Sure, the PATH is a great way to get from one place to another, but the same could be said if the energetic markets and corridors beneath our streets were just the dingy labyrinth of bleak concrete so many envision. But it isn’t. It’s much more than that, something unique to Toronto, a type of community that can’t be found anywhere else in the world. So why should it just be a way to get where you’re going? Why can’t it be a destination in and of itself?

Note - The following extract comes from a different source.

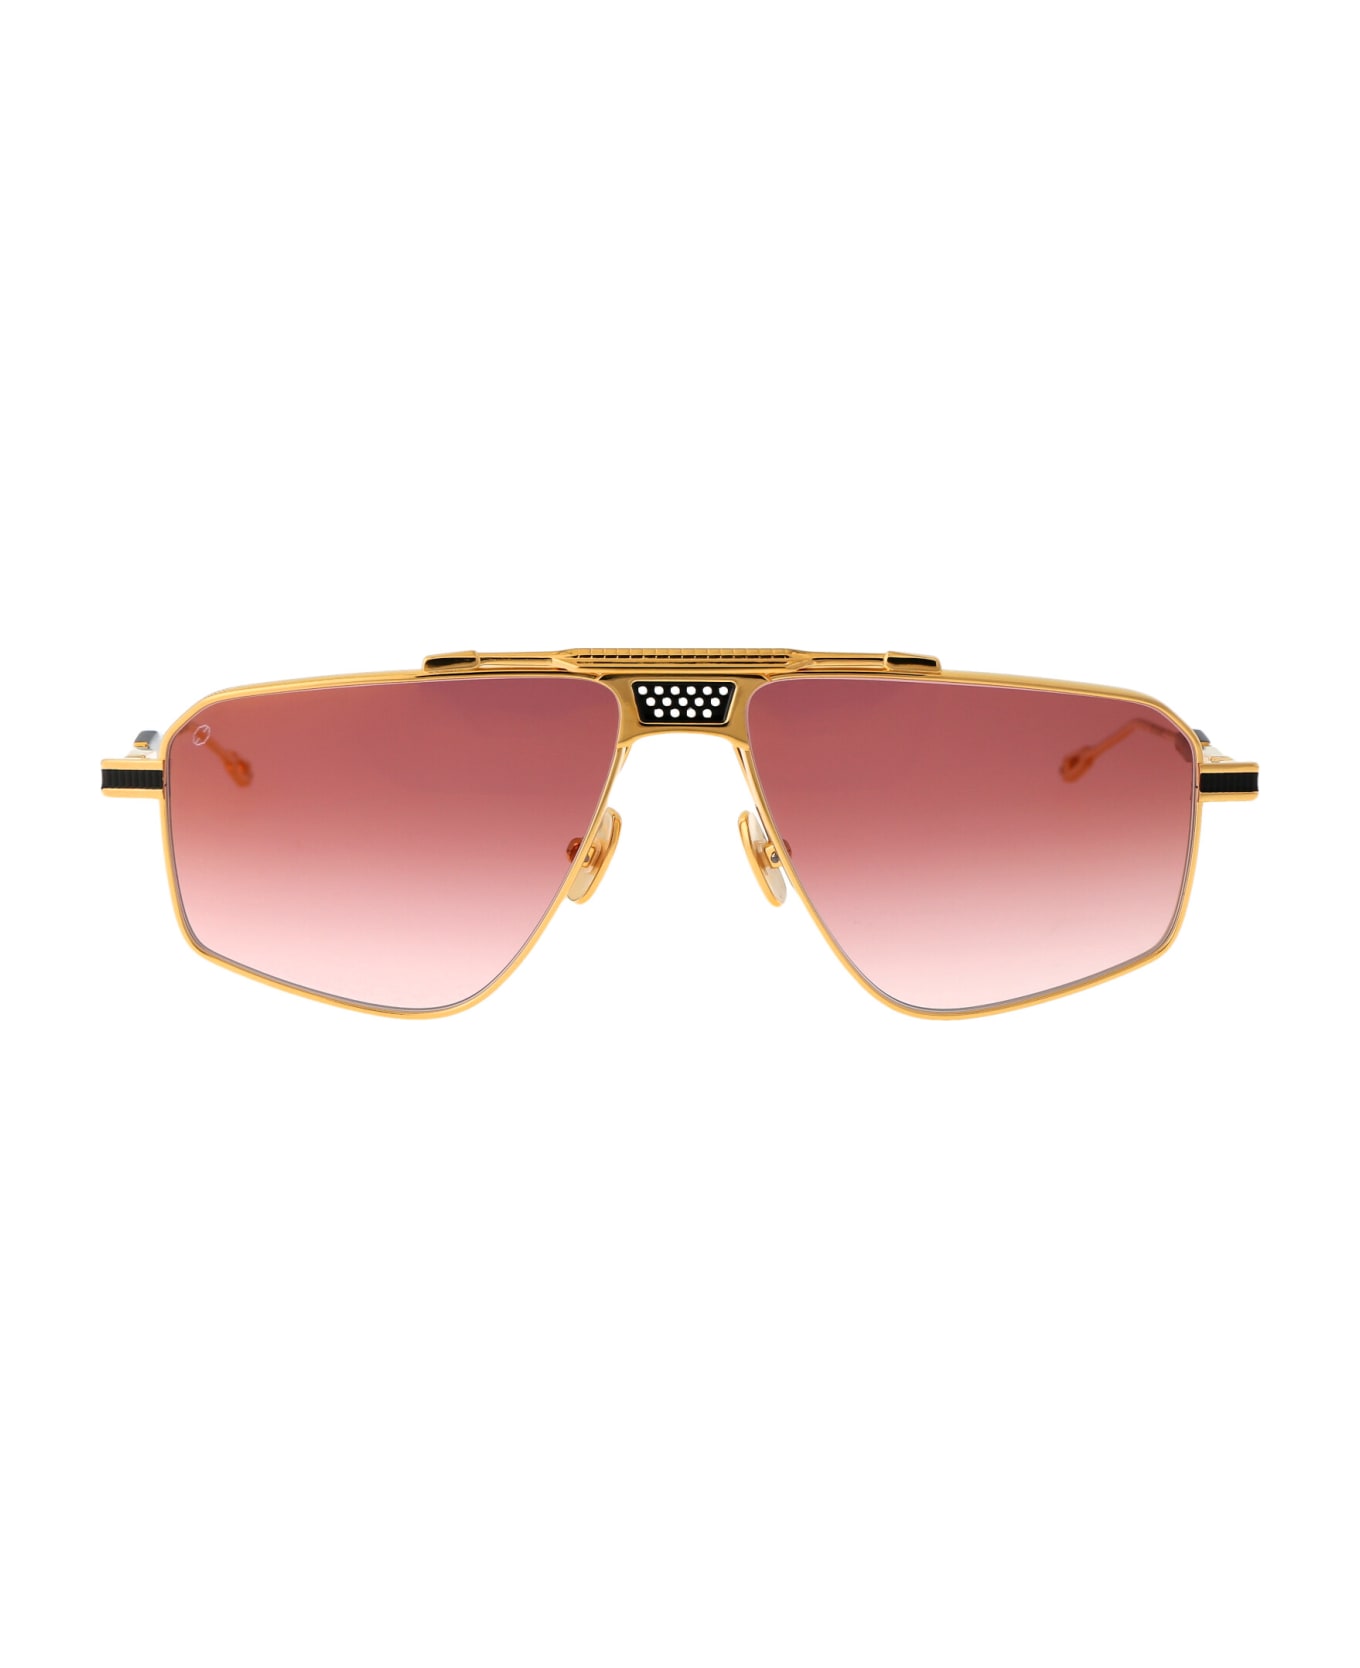 T Henri Drophead Sunglasses - CASINO ROYALE サングラス

Well for some people, whether they know it or not, it is. Just the other day I went for a walk up to the north-east end of the PATH. With this area making up Atrium on Bay and the Toronto Life Square, I found myself on the corner of Yonge and Dundas, arguably Toronto’s busiest intersection. What’s more, not only is this area connected to the rest of the city by the Dundas subway station, it also houses the Toronto Bus Terminal, whose passengers make their way to Toronto from all over southern Ontario. So, it just goes to show that whether they know it or not, the PATH is almost always a stop during most peoples’ trips to Toronto.

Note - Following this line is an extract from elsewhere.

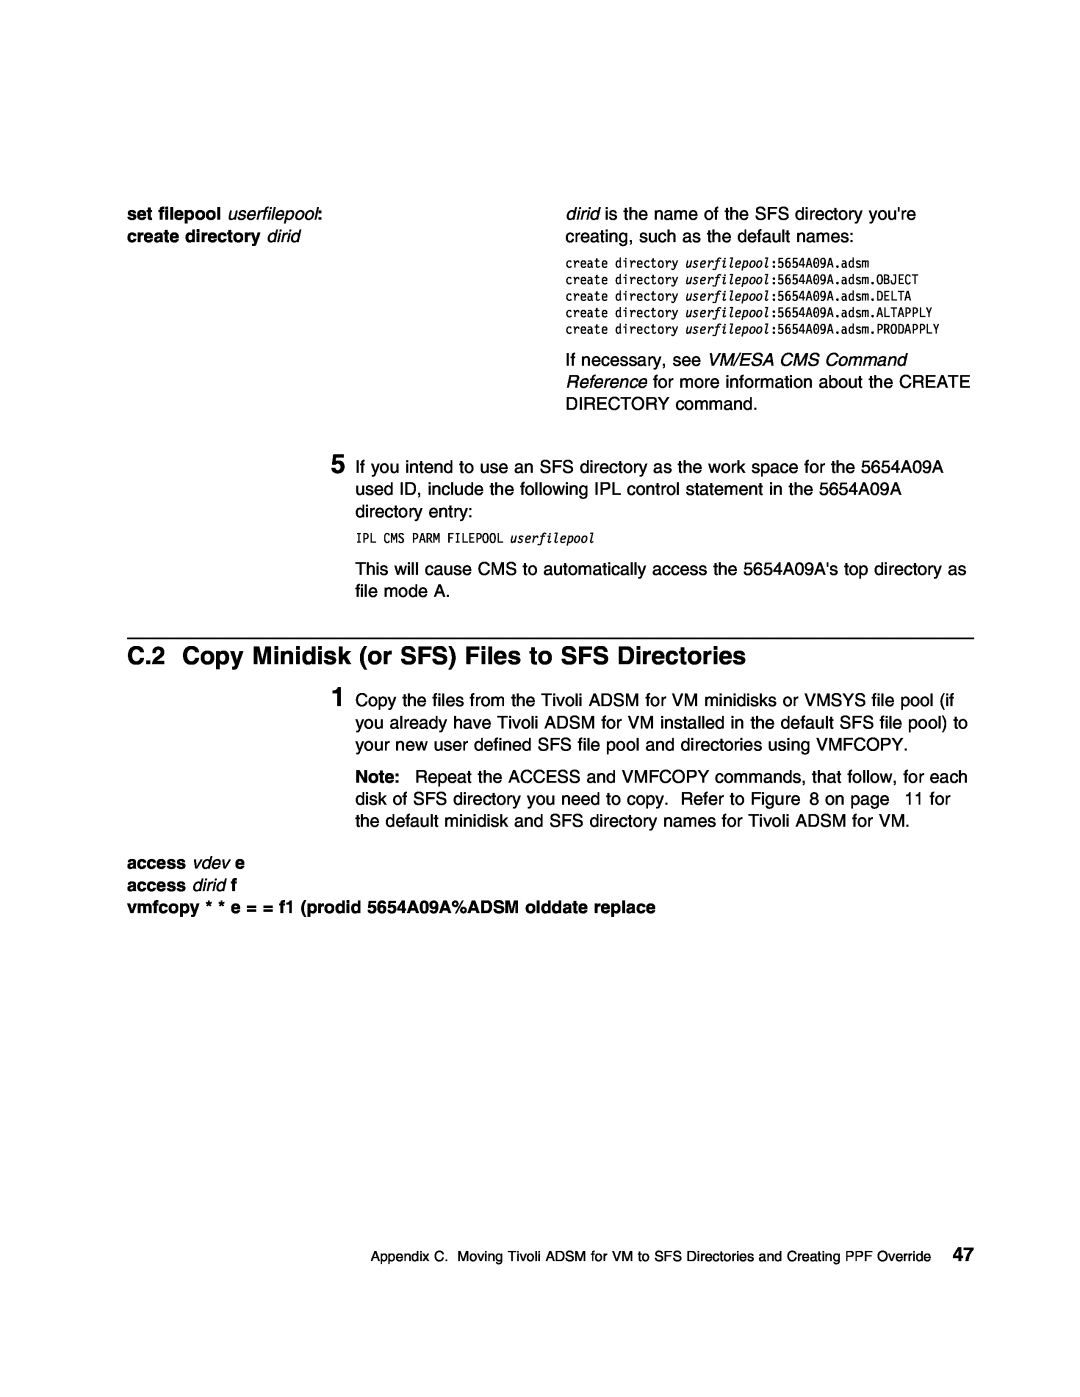 IBM 5697-VM3 manual C.2 Copy Minidisk or SFS Files to SFS Directories, set filepool userfilepool, create directory dirid

So, why do so many continue to remain so silent about the PATH, to keep it, so to speak, underground? For many of Toronto Life Square’s countless visitors, whether they go to watch a movie at the AMC, stop for a meal at Jack Aster’s, or go to work in Google’s local offices, the PATH is still an idea that seems distant and unfamiliar. As for the people working at Atrium on Bay, or perusing its art galleries, or getting a check-up at the doctor’s office, many of them don’t know they’re only a few steps away from the city’s most exciting attractions, or it’s most vibrant communities. But they too walk the PATH, every day, they see all the life and fun and opportunity, and it keeps them coming back. And that is why the PATH is a destination itself. Why it can be the perfect place to spend your quiet mornings, or thoughtful afternoons, or lively evenings. Because it’s already all the places you’ve learned to love. You just didn’t know the way those corridors and passageways wove our city together, and us together, to make the greatest parts of Toronto as accessible and alive as they should be.